三代目 J SOUL BROTHERS History 第3回 〜Year 2013 & 2014〜

三代目 J SOUL BROTHERSの10周年を振り返る 第3回:“EXILE TRIBE”を背負った7人の躍進&「R.Y.U.S.E.I.」の大ヒット

 アーティストでありながら、俳優・番組MC・モデル・ファッションデザイナー・プロゲーマー・プロデュース業など、マルチに活躍する7人組ダンス&ボーカルグループ、三代目 J SOUL BROTHERS from EXILE TRIBE(以下、三代目 J SOUL BROTHERS)。2014年に発売したシングル『R.Y.U.S.E.I.』が大ヒットしたのを機に、今や国民的グループとして不動の地位を確立している彼らが、昨年11月10日にデビュー10周年を迎えた。そんな三代目 J SOUL BROTHERSのヒストリーを辿りながら、改めてその魅力を紐解く連載がスタート。第3回は、ターニングポイントとなった2013~2014年の彼らに迫る。

 EXILEも兼任するリーダーのEXILE NAOTOと小林直己を中心に、『EXILE Presents VOCAL BATTLE AUDITION 2 ~夢を持った若者達へ~』から選出されたボーカルの今市隆二と登坂広臣、パフォーマーのELLY、山下健二郎、岩田剛典で結成された7人組ダンス&ボーカルグループ、三代目 J SOUL BROTHERS。2010年9月18日に現メンバーが揃い、11月10日にシングル『Best Friend's Girl』でメジャーデビューを果たした彼らは、ハードスケジュールの中で、7人で1つのグループ像を創り上げるためにもがいてきた。時には、大好きだった歌でさえも嫌いになりそうになりながら、EXILEという存在の大きさに苦しみながら、なんとか三代目 J SOUL BROTHERSを育て上げようと必死だった。だが、初の単独アリーナツアー『三代目 J Soul Brothers LIVE TOUR 2012「0~ZERO~」』を行ったり、2012年末には叙情的なラブバラード「花火」で『第63回NHK紅白歌合戦』に初出場したことが転機となり、グループの内側に向けられていた想いは少しずつ外へと向かっていく。そして2013年は、三代目 J SOUL BROTHERSの快進撃が始まった年だった。

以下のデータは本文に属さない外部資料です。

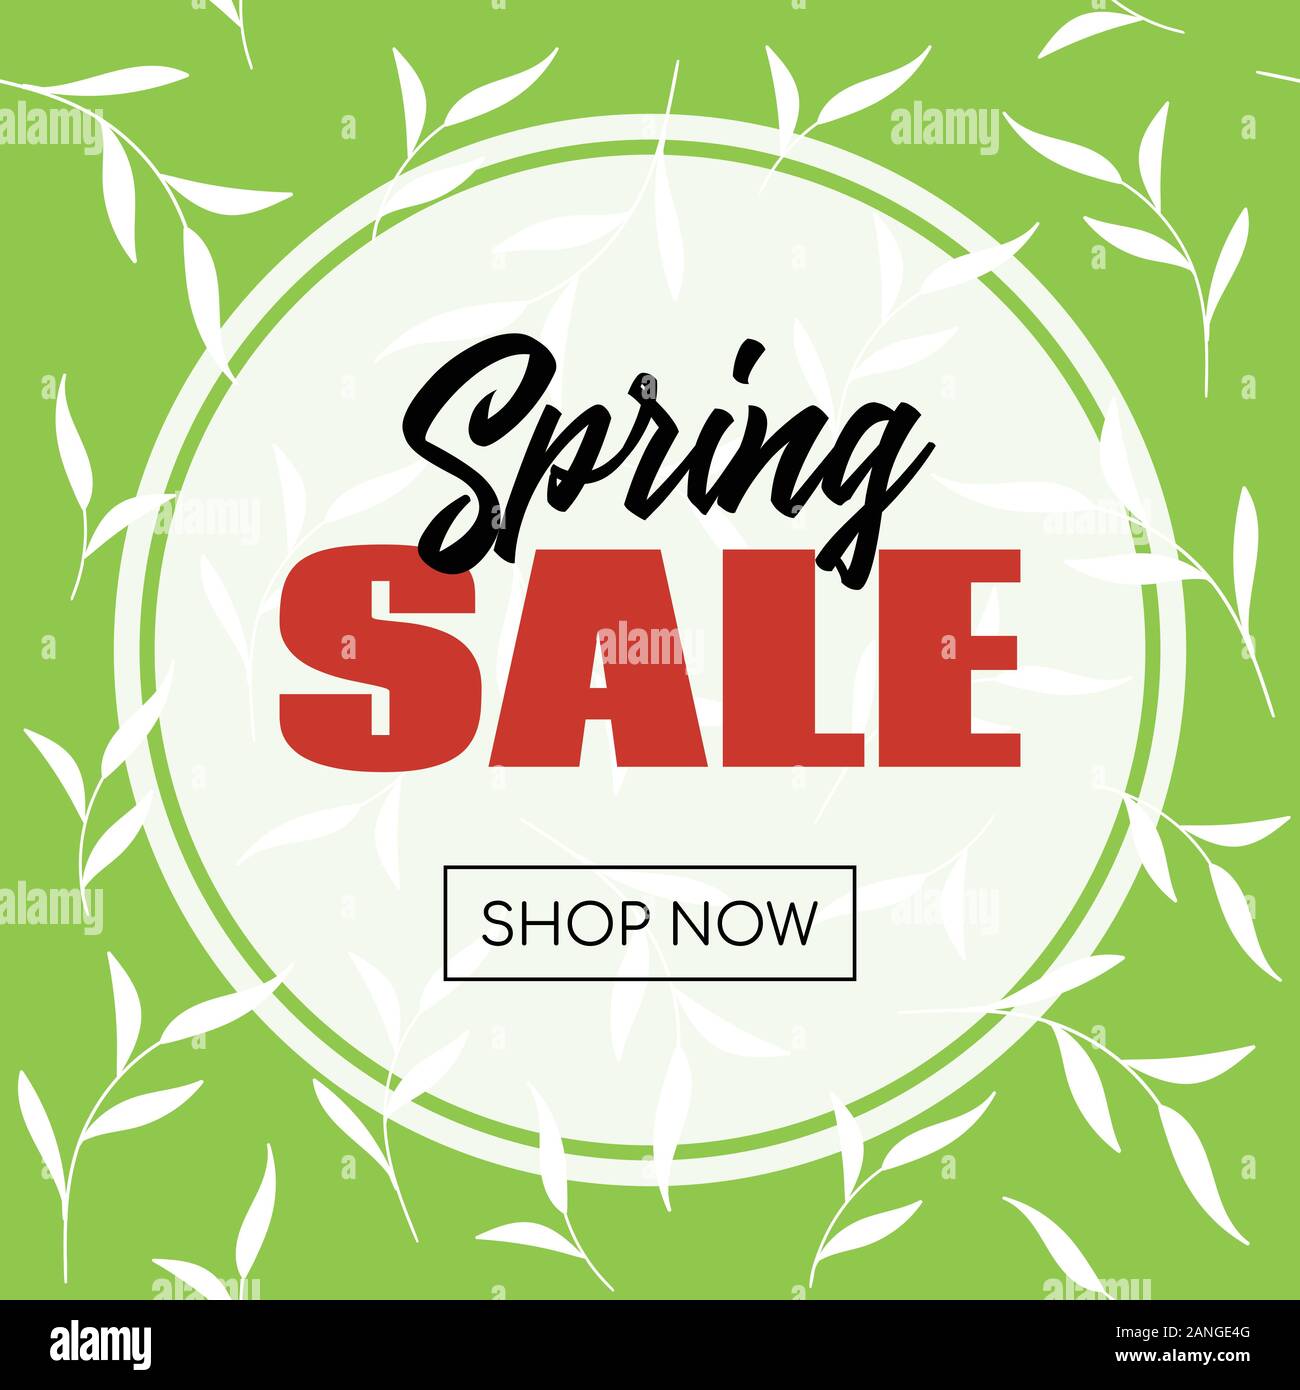 Spring sale banner. Template for online store Stock Vector
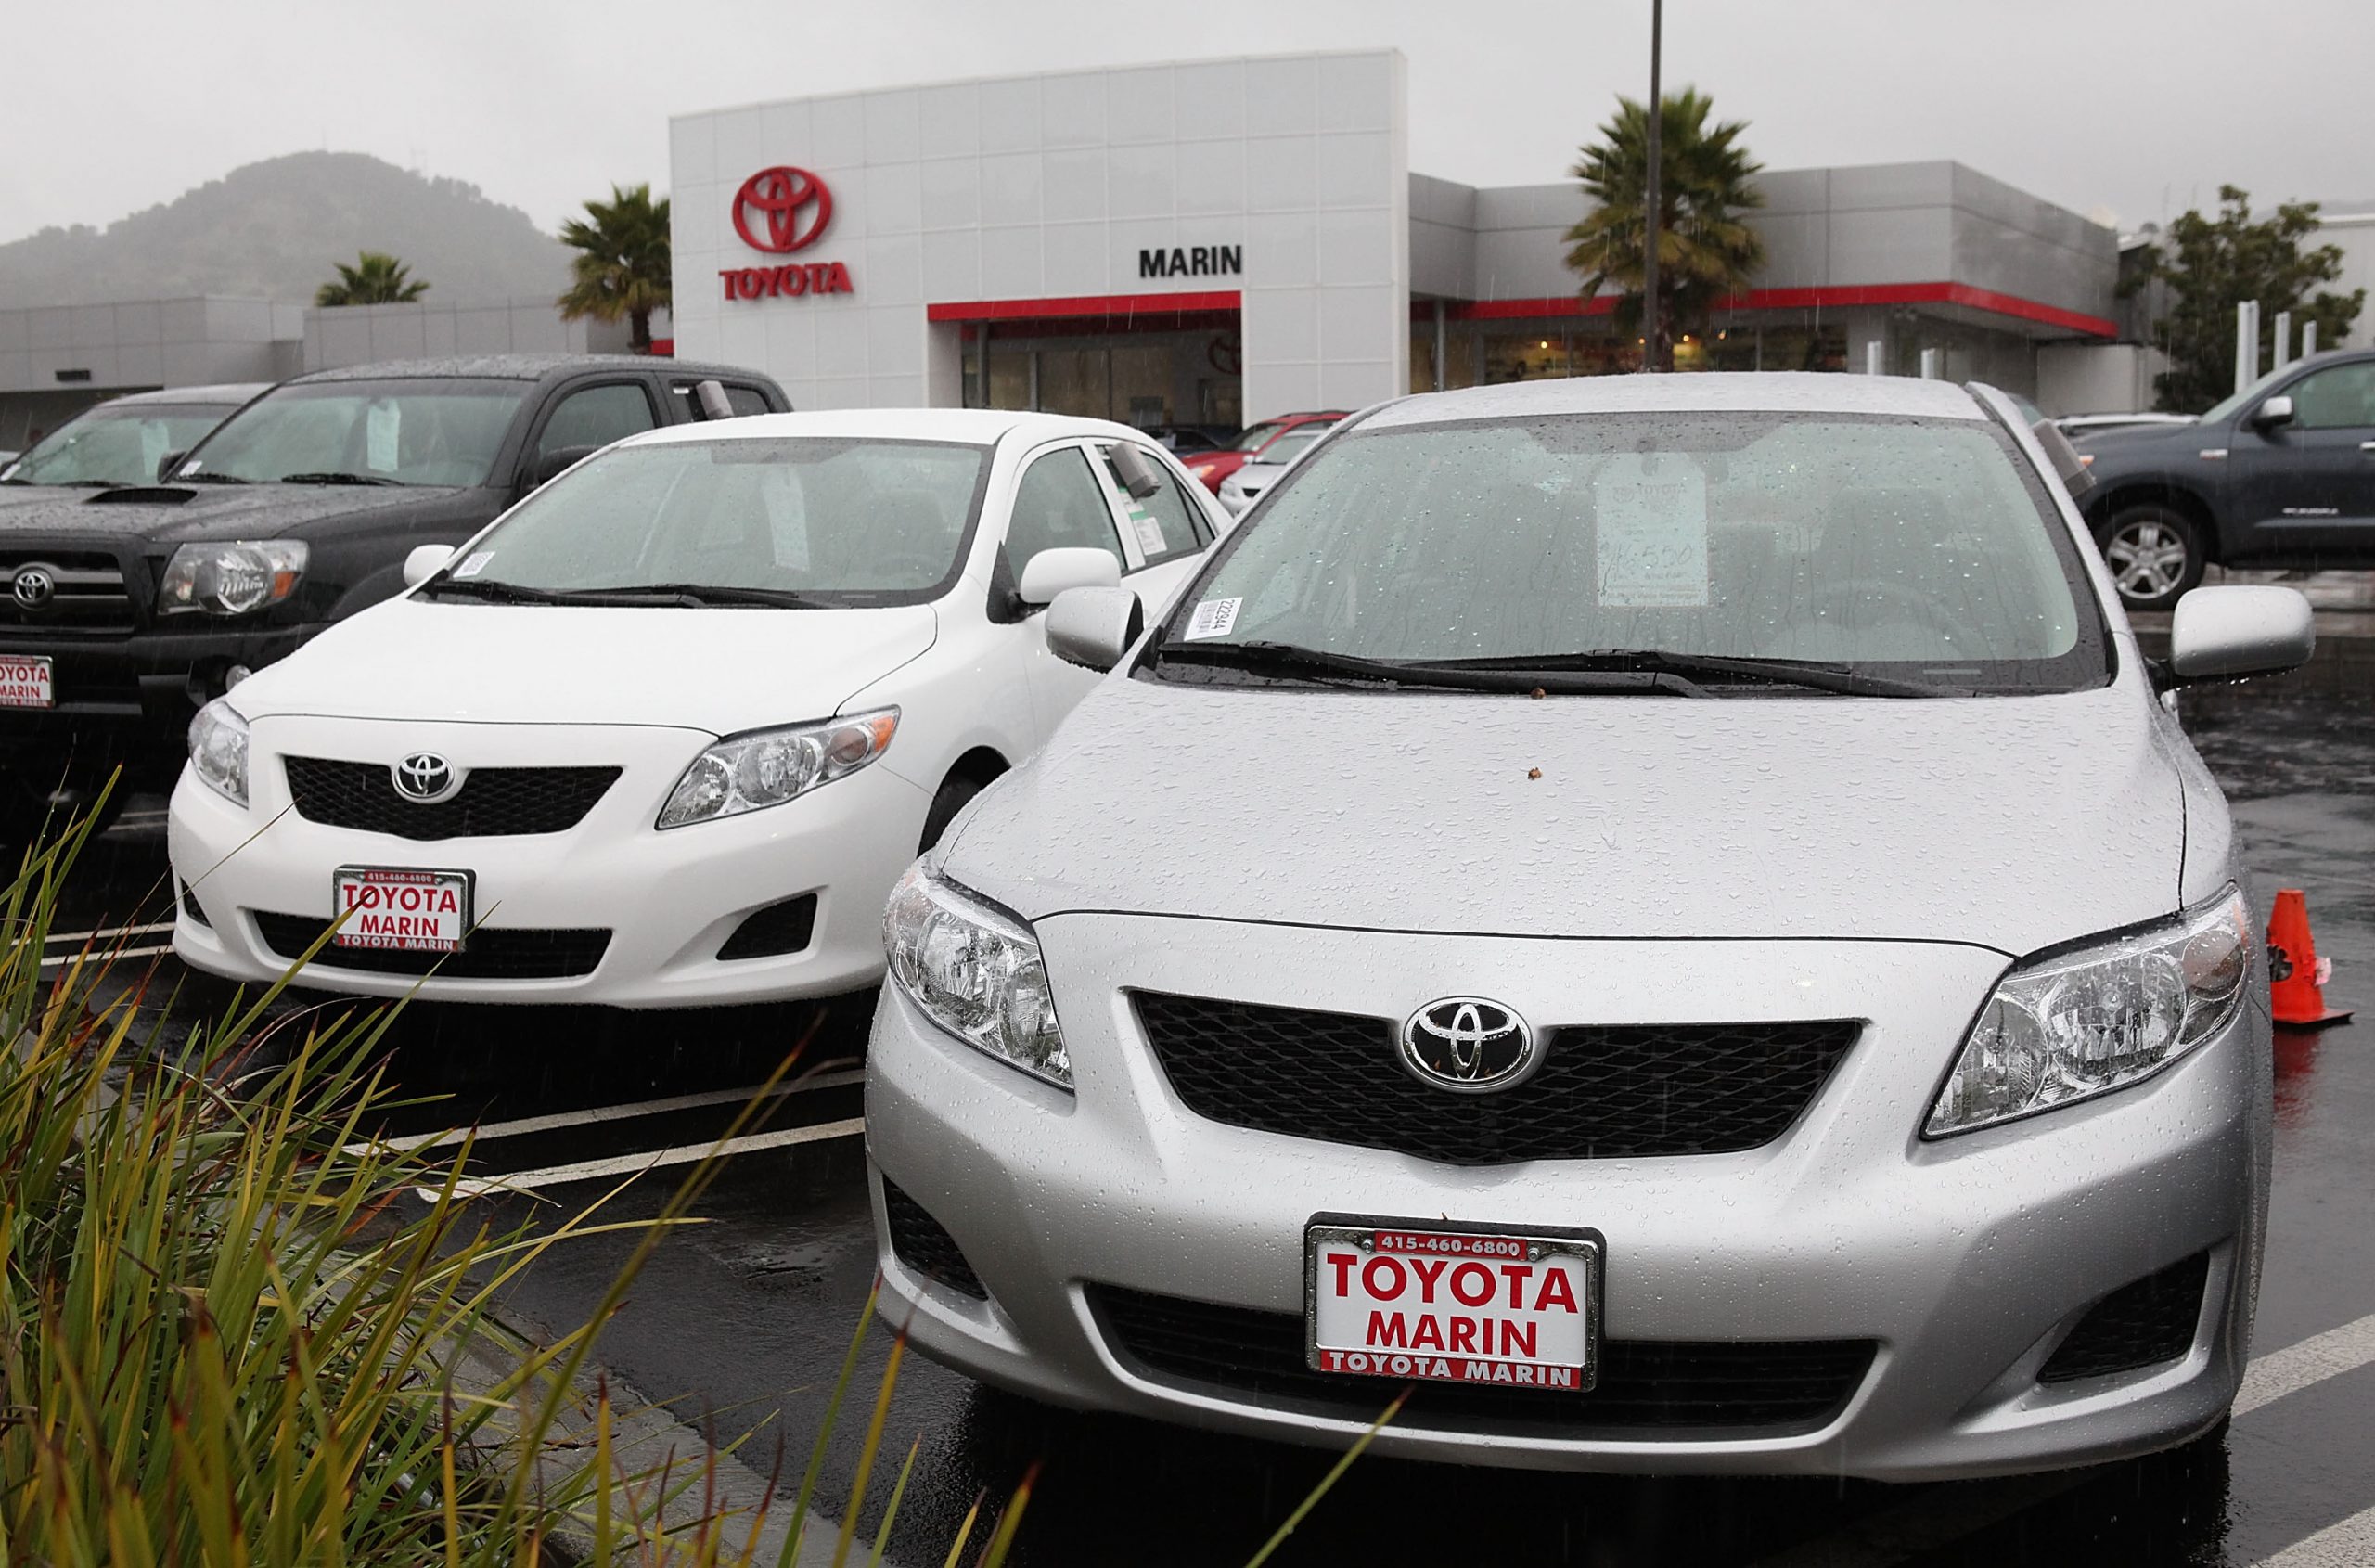 A pair of used subcompact Toyota Corolla sedans shot from the front 3/4

三代目 J SOUL BROTHERS from EXILE TRIBE / 花火 ~Short Version~

 まずは、初の『紅白』出場を起爆剤にして、2013年1月1日に3rdアルバム『MIRACLE』をリリース。すると『MIRACLE』は、デビュー以来初となるオリコン週間アルバムランキング1位を獲得した。その売り上げは伸び続け、2週連続で首位を獲得。2012年末に行われたインタビューで「『MIRACLE』には2013年の自分達のテーマというか、『2013年、ミラクルを起こしていくぞ!』という前向きな想いも込められていて」(今市)、「『MIRACLE』は、ライブで成長させてきた曲もあれば、ライブを通して見えてきたものを反映させた曲も収録されているので、次のステージに進むための1枚というか、三代目 J Soul Brothersの世界を広げるための重要な1枚になったかなと思います」(EXILE NAOTO)(※1)と語っていたように、軌跡を辿りながらも未来を見据えた意欲作が、“ミラクル”を起こしたのである。これまでの彼らの努力を思えば、奇跡ではなく必然と言えるだろうが、リーダー2人にとっては同ランキングで2位を獲得したEXILEのベスト盤『EXILE BEST HITS -LOVE SIDE / SOUL SIDE-』も含めると1位・2位を独占した形となり、年明けから好調な滑り出しとなった。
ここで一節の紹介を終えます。